For every $10-per-barrel increase in the price of crude oil, the cost of gasoline goes up 20 cents a gallon, says Eric Smith of the Entergy-Tulane Energy Institute. (Photo by Paula Burch-Celentano)

Smith, who is associate director of the Entergy-Tulane Energy Institute, has long been telling his students to prepare for oil's price ascent as emerging economies in China and other parts of the world become greater consumers of the limited commodity.

Most of the easy-to-reach deposits of oil in the West have been tapped at a time when demand is increasing significantly, he says.

“We were predicting three years ago that oil would hit $100 (a barrel) under the same circumstances that have now arrived,” Smith says. “Supply is now short and demand has grown. China and India have now become major consumers of oil … as well as have a number of the Middle Eastern countries.”

What does this mean for consumers? Expect to pay more at the pump. While oil futures retreated to around $97 per barrel late last week, Smith expects $100 oil to be a lasting trend. In fact, he wouldn't be surprised if oil costs rose by 20 percent this year. That would likely hit most consumers in the wallet.

“There is a good little rule of thumb that for every $10 increase in the aggregate price of crude, gasoline goes up 20 cents a gallon,” Smith says.

“The big concern is that historically we have seen a big run up in gasoline prices in the spring — anywhere from 50 cents to 75 cents a gallon,” says American Automobile Association spokesperson Don Redman. “We could be looking at $3.50 to $3.75 a gallon.”

Smith says that consumers have been resilient. Gas consumption accounts for approximately four percent of most household budgets and that's not enough to significantly alter behavior, he says. “People are notoriously resistant to change in their lifestyle and Americans are used to driving long distances in very big, heavy cars,” Smith says.

Redman says the consensus among analysts is that gasoline would have to reach $5 per gallon for consumers to significantly change driving habits to reduce consumption.

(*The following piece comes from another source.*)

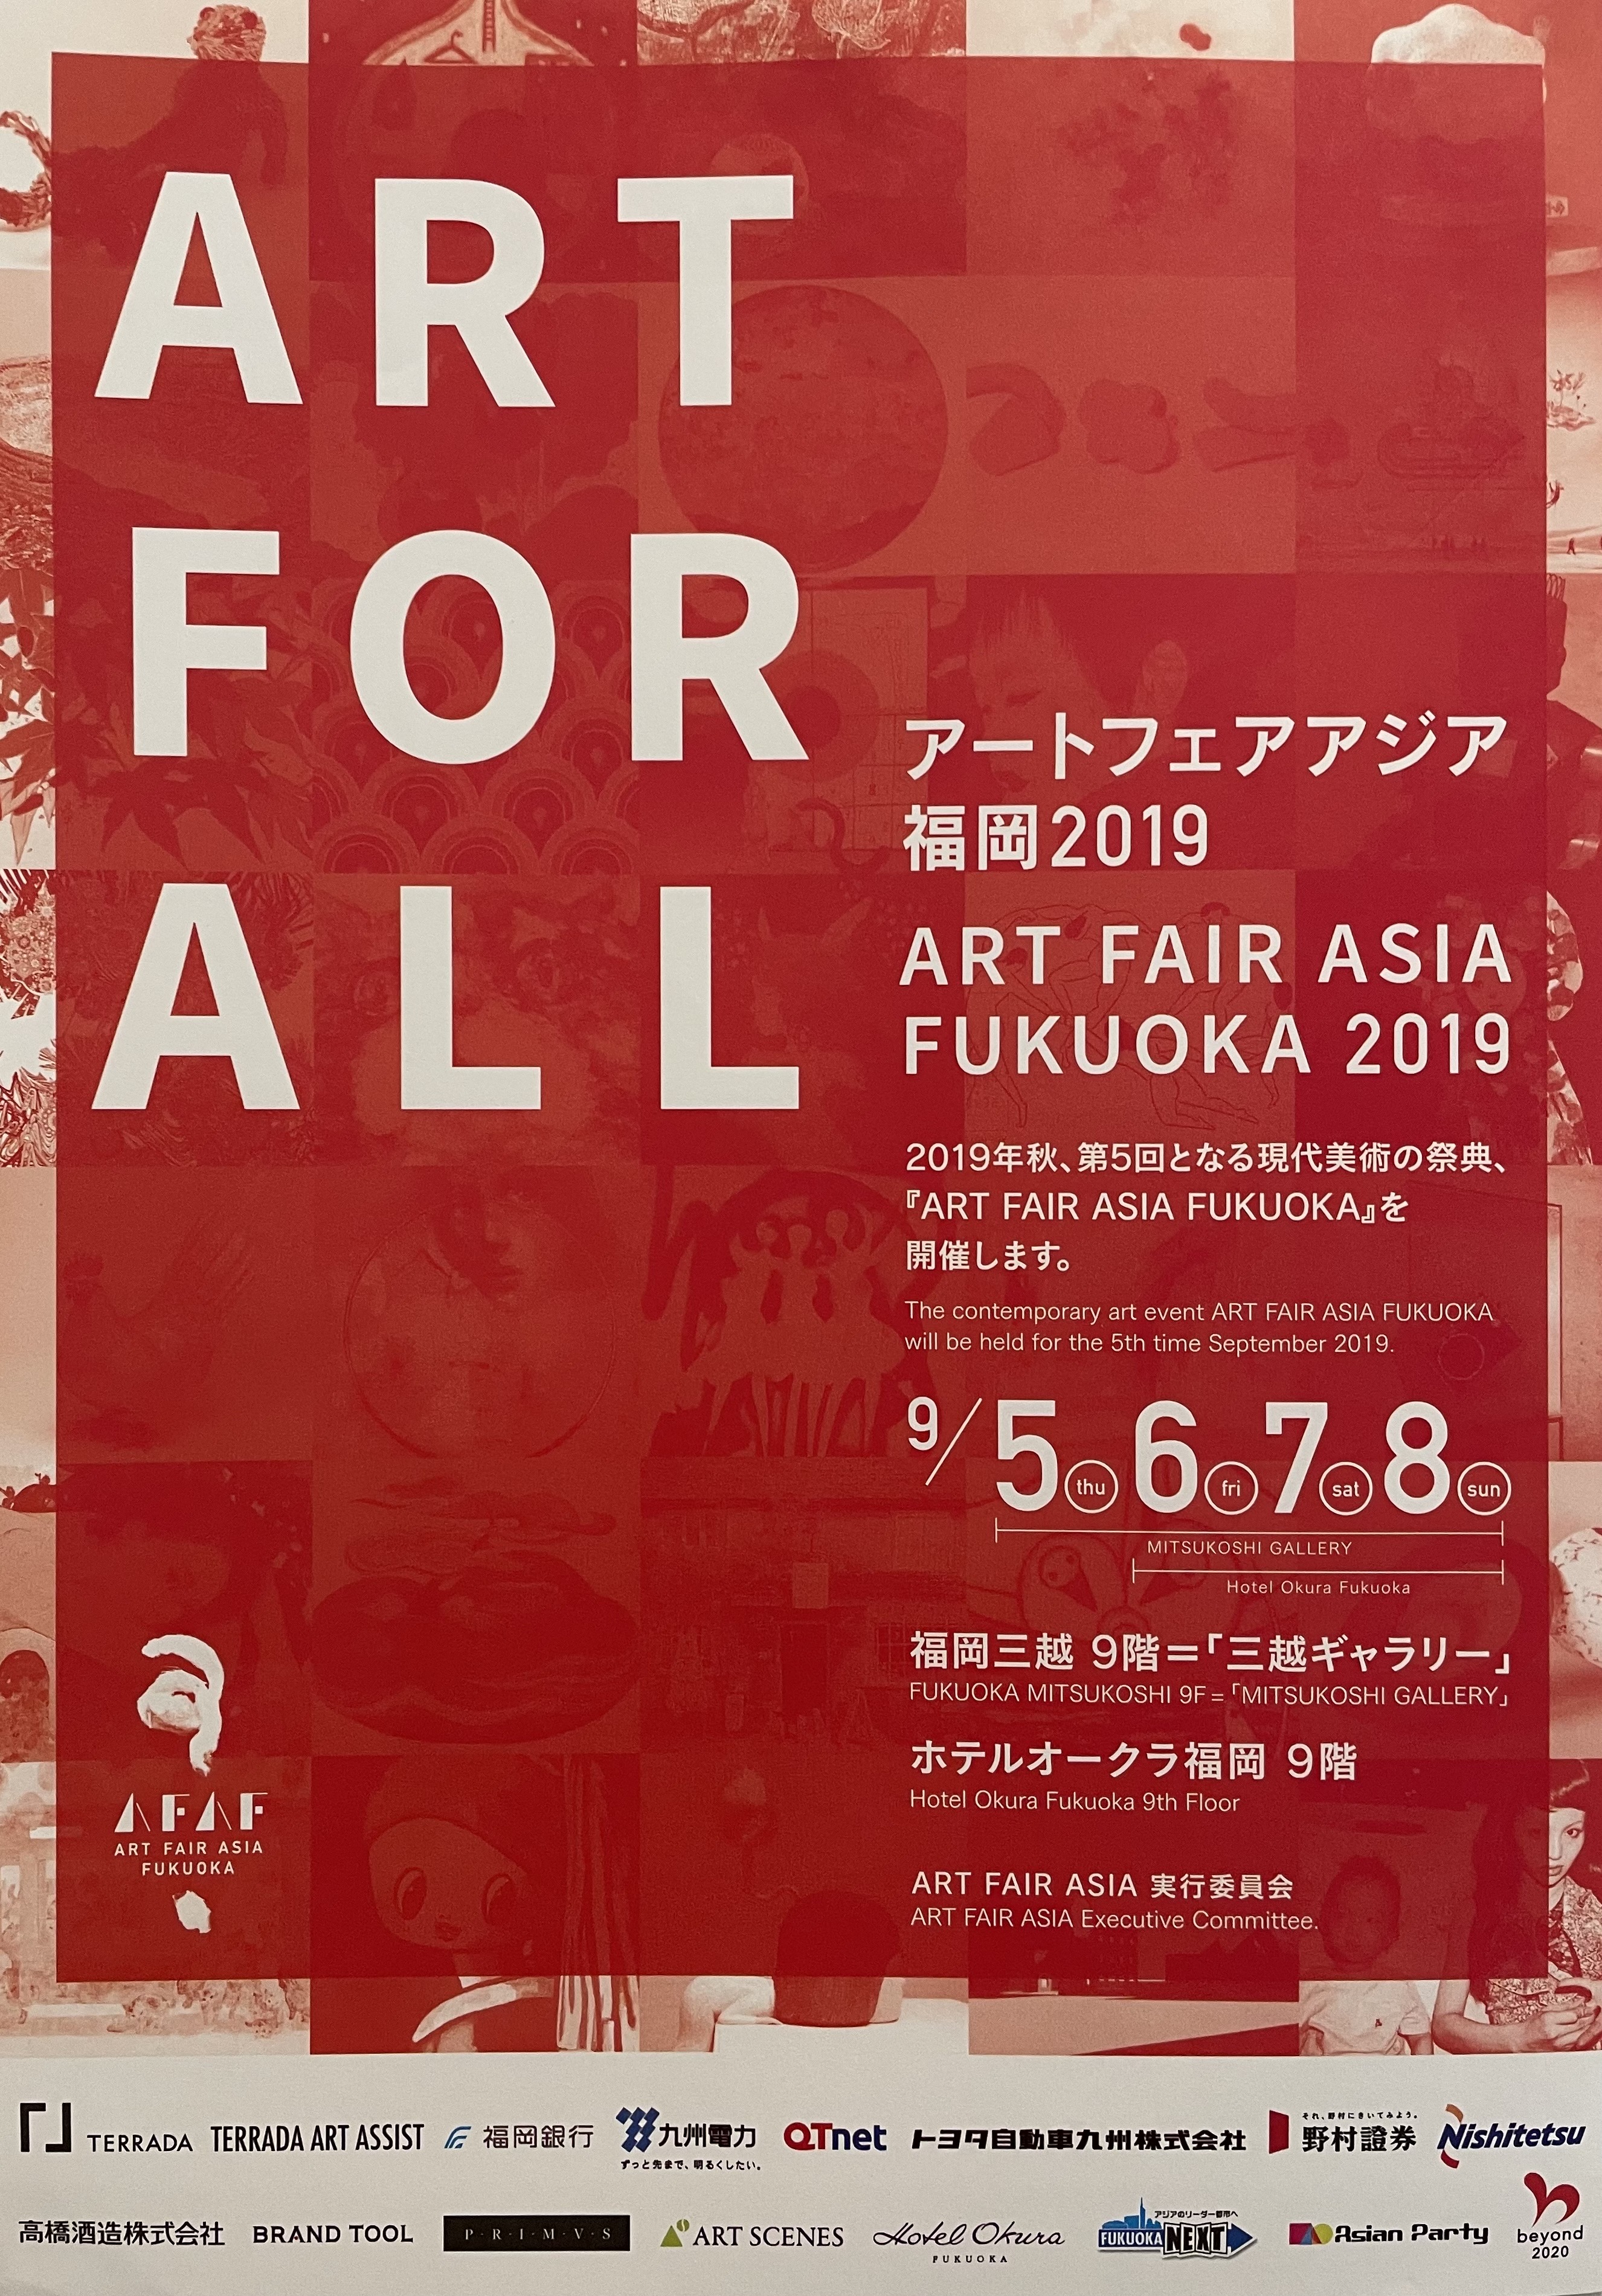 Art Fair Asia Fukuoka 2019
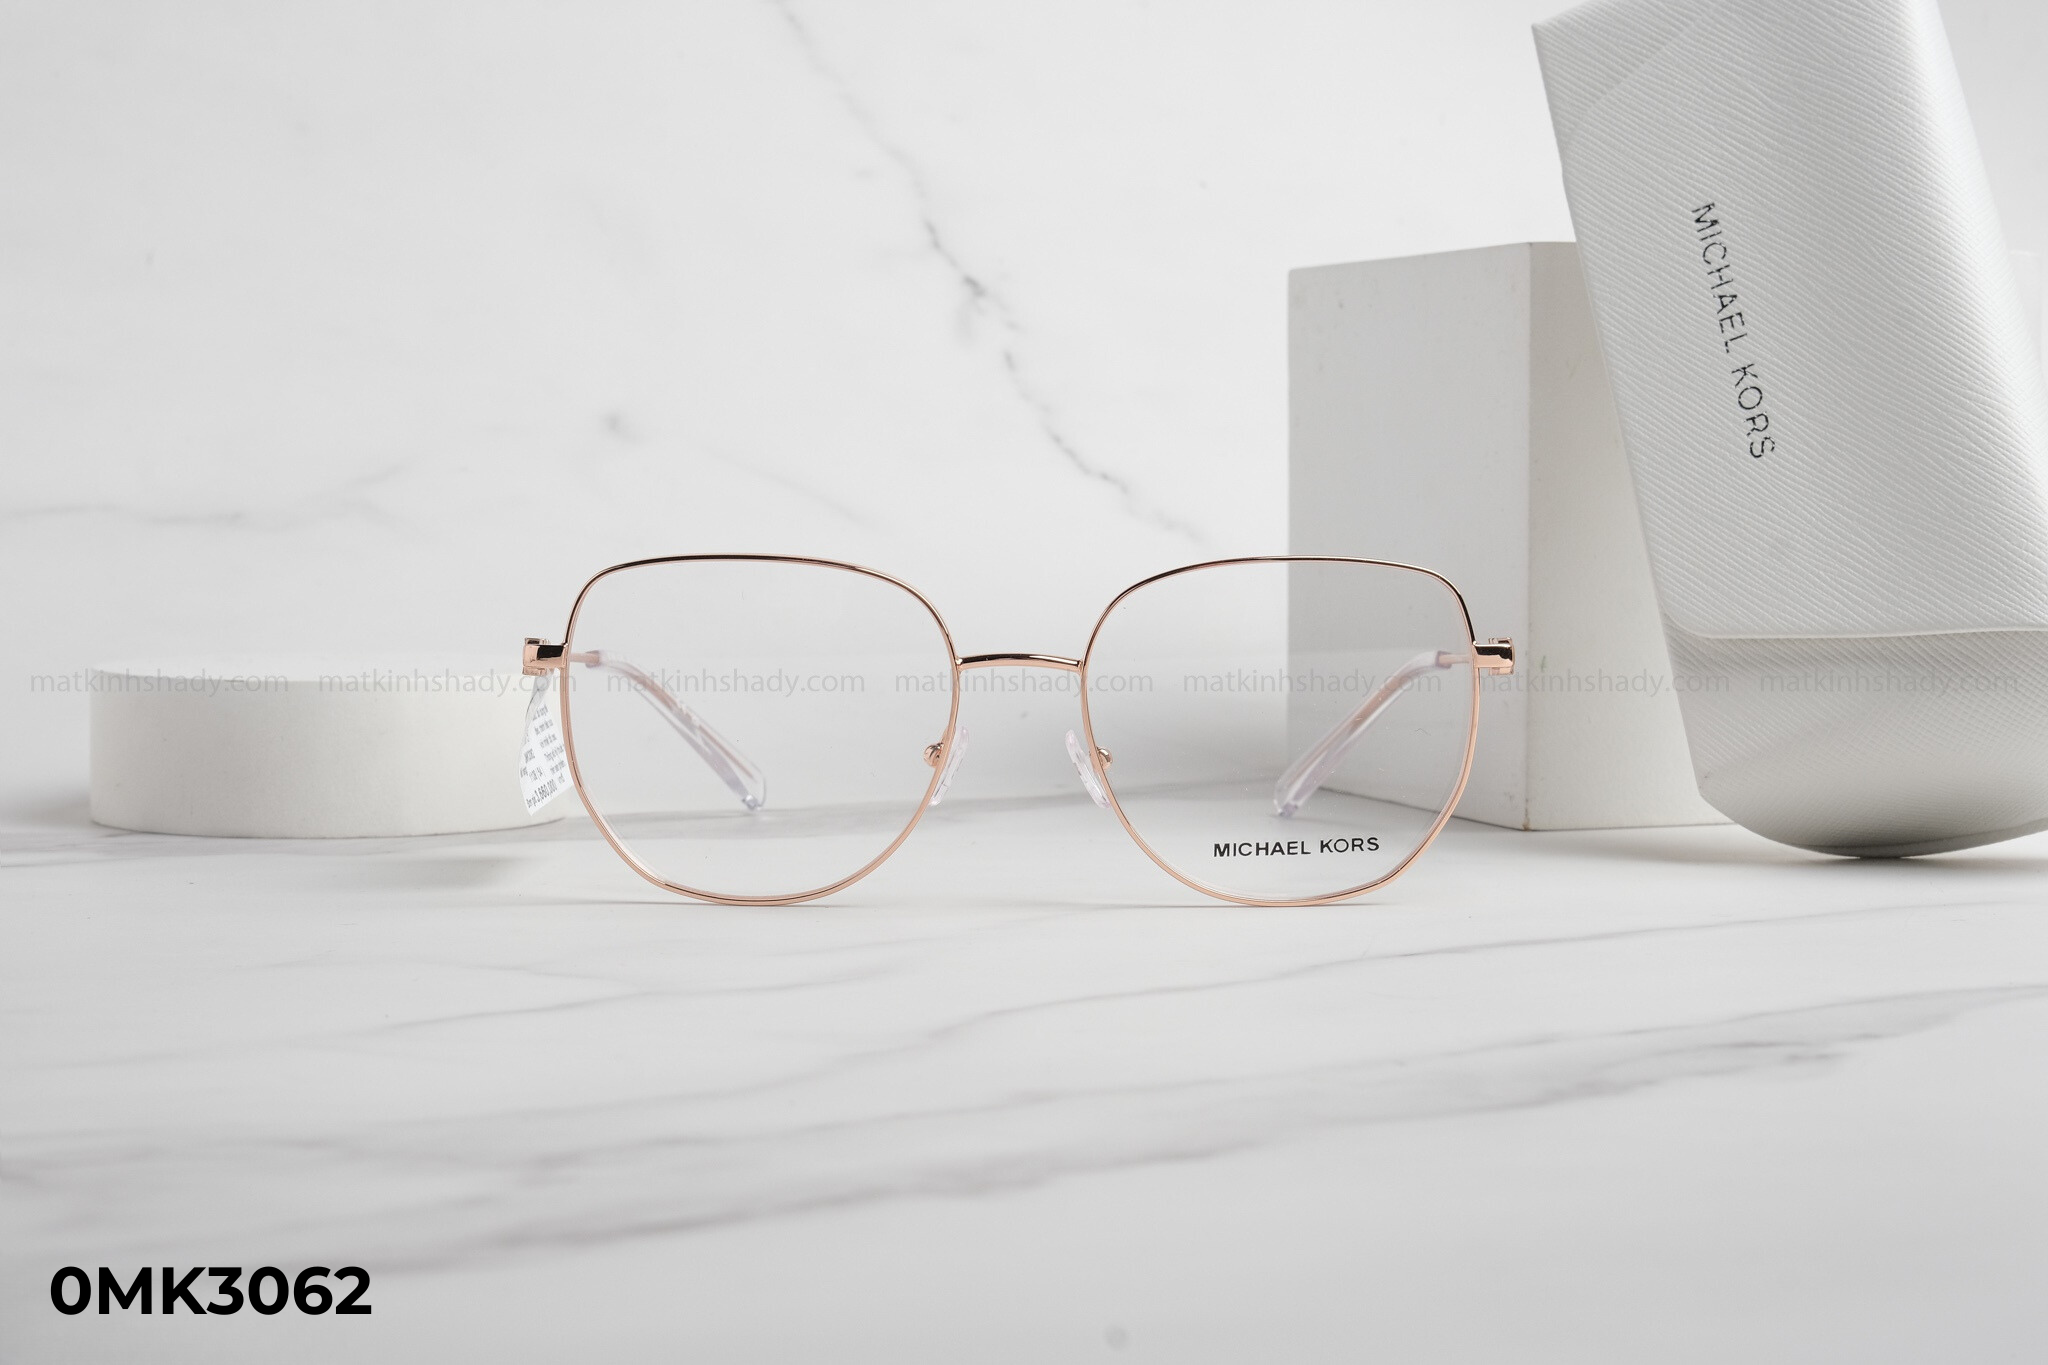  Michael Kors Eyewear - Glasses - 0MK3062

At least one group is getting a boost from the robust oil market: MBA students. More energy companies are seeking graduate students from the Freeman School's energy specialist program as well as from the Burkenroad Institute program, which follows energy service companies in the Gulf Coast region.

“It's not just because oil hit $100, it's because there has been much more demand and relatively anemic supply over the last several years in the energy sector,” Smith says.